Known gap (important): preprocess_images.py currently reads images from pdf_files/ (not from converted_images/). To preprocess pages after conversion, you must copy the converted page images from converted_images/ back into pdf_files/ (so filenames contain the PDF stem the UI expects). This is tracked in Roadmap Phase 1.


Project Structure

OCR-Recognator/
│
├── app.py                      # Streamlit UI — main entry point
├── requirements.txt            # Python dependencies
├── ground_truth.csv            # Placeholder — replace with real CSV data before training
├── walkthrough.md
├── codebase_analysis.md
│
├── scripts/
│   ├── pdf_to_images.py        # PDF to per-page JPEG (DPI=400)
│   ├── preprocess_images.py    # 9-stage image preprocessing chain
│   ├── ocr_model.py            # CRNN + CTCLoss training outline
│   ├── model_architecture.py   # ViT + LSTM head (definition)
│   └── create_ground_truth.py  # Ground truth CSV helper
│
├── pdf_files/                  # INPUT  — place PDFs here (create manually)
├── converted_images/           # OUTPUT — per-page JPEGs from PDF conversion
└── preprocessed_images/        # OUTPUT — binarized and deskewed page images

Setup

Prerequisites

Dependency Purpose Install
Python 3.9+ Runtime python.org
Poppler PDF rendering backend See below
pip packages All Python dependencies pip install -r requirements.txt

Installing Poppler

Windows

Download from poppler-windows releases and extract to one of these paths (auto-detected by the script):

C:\Program Files\Release-24.08.0-0\poppler-24.08.0\Library\bin
C:\poppler\bin
C:\Program Files\poppler\bin

Alternatively, add Poppler's bin/ folder to your system PATH.

macOS
brew install poppler
Linux
sudo apt-get install poppler-utils    # Debian / Ubuntu
sudo yum install poppler-utils        # CentOS / RHEL

Full Setup Steps

# Clone the repository
git clone https://github.com/amarcoder01/OCR-Recognator.git
cd OCR-Recognator

# Create and activate a virtual environment
python -m venv venv
venv\Scripts\activate        # Windows
source venv/bin/activate     # macOS / Linux

# Install all dependencies
pip install -r requirements.txt

# Create the required input directory
mkdir pdf_files

Usage Guide

1. Launch the Lab

python -m streamlit run app.py --server.port 8501

Navigate to http://localhost:8501

2. Convert PDFs

  1. Drop your PDFs into pdf_files/
  2. Select a PDF from the sidebar dropdown
  3. Click "1. Convert to Image" — outputs appear in converted_images/

3. Preprocess Images

Note: Currently reads *.jpg / *.png / *.tiff from pdf_files/, not from converted_images/. As a workaround, copy the converted page images into pdf_files/ before running preprocessing.

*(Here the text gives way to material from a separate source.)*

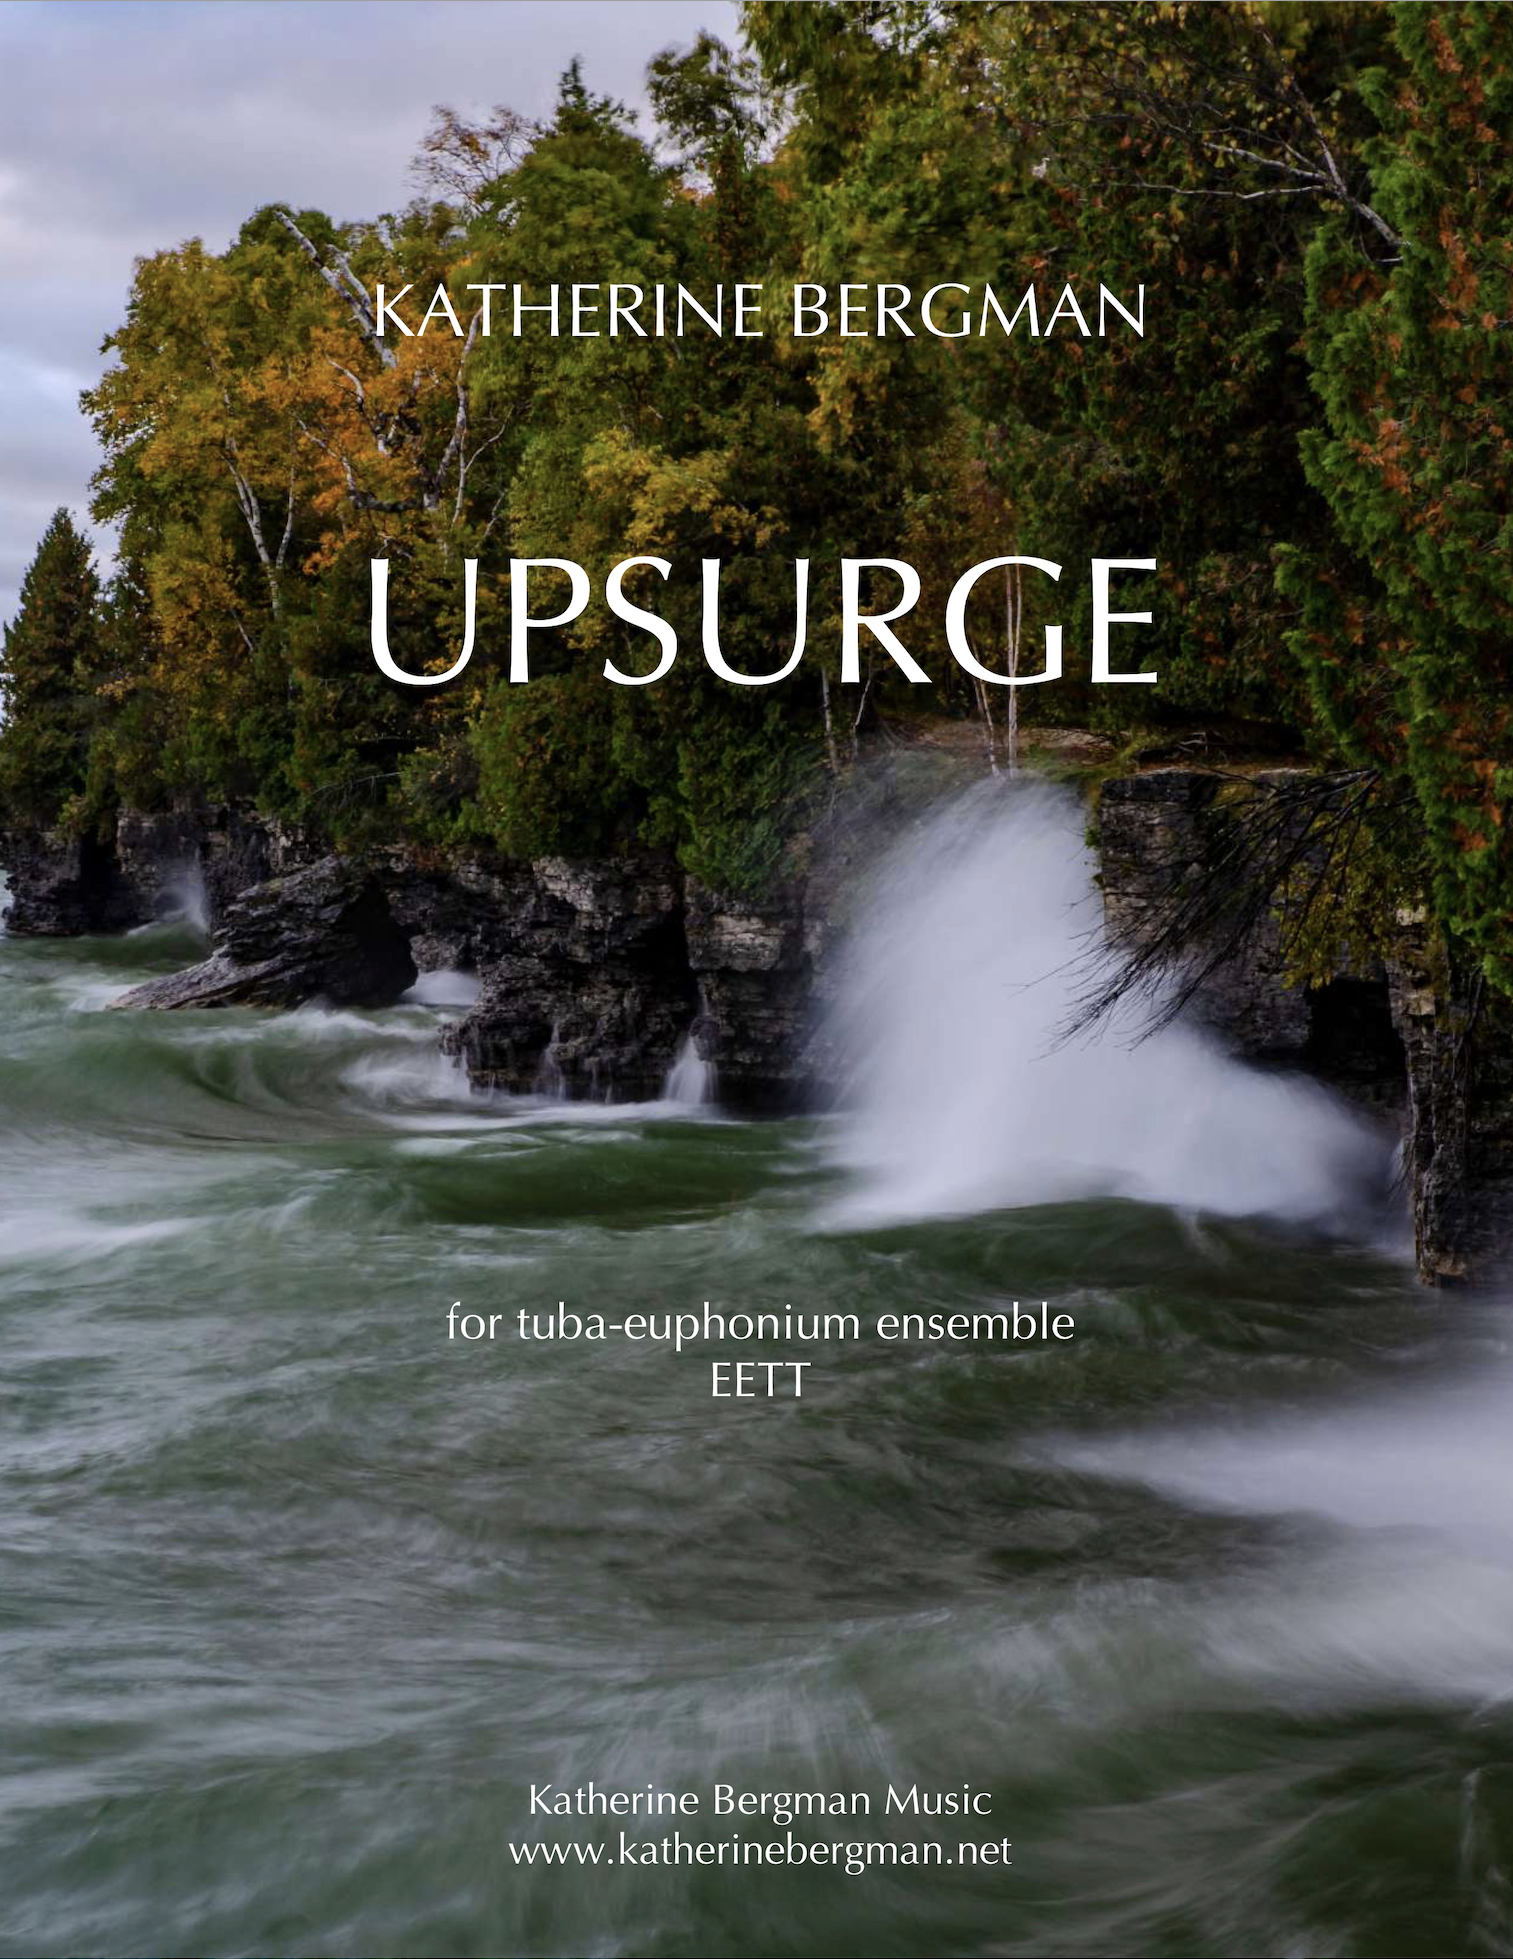 Upsurge by Katherine Bergman

This will be fixed in Phase 1.

  1. Click "2. Preprocess" — binarized pages are saved to preprocessed_images/
  2. Open the "Preprocessed Images" tab to inspect results side-by-side

4. OCR Training (CRNN)

# After preparing a valid ground_truth.csv:
python scripts/ocr_model.py

Expected CSV format:

filename,transcription
preprocessed_images/doc_page_1.jpg,Hello World
preprocessed_images/doc_page_2.jpg,Sample text on page two

Note: The repo-root ground_truth.csv is a placeholder and must be replaced with real labeled data before training.


Performance Notes

Stage Bottleneck Recommendation
PDF Conversion DPI=400 is CPU and memory intensive Reduce to 200 DPI for faster iteration; keep 400 for production quality
Preprocessing Bilateral filter + Hough transform Cost scales with image resolution and document complexity
CRNN Training CPU-bound without a GPU Use CUDA-enabled PyTorch for a 10-50x speedup
ViT Backbone Heavy memory footprint Requires proper 3-channel input normalization (see Troubleshooting)

Roadmap

We are actively developing OCR-Recognator toward a complete, production-grade OCR system. Below is the full roadmap, written so that contributors and collaborators can understand exactly what we are building, why each step matters, and what the expected outcome is.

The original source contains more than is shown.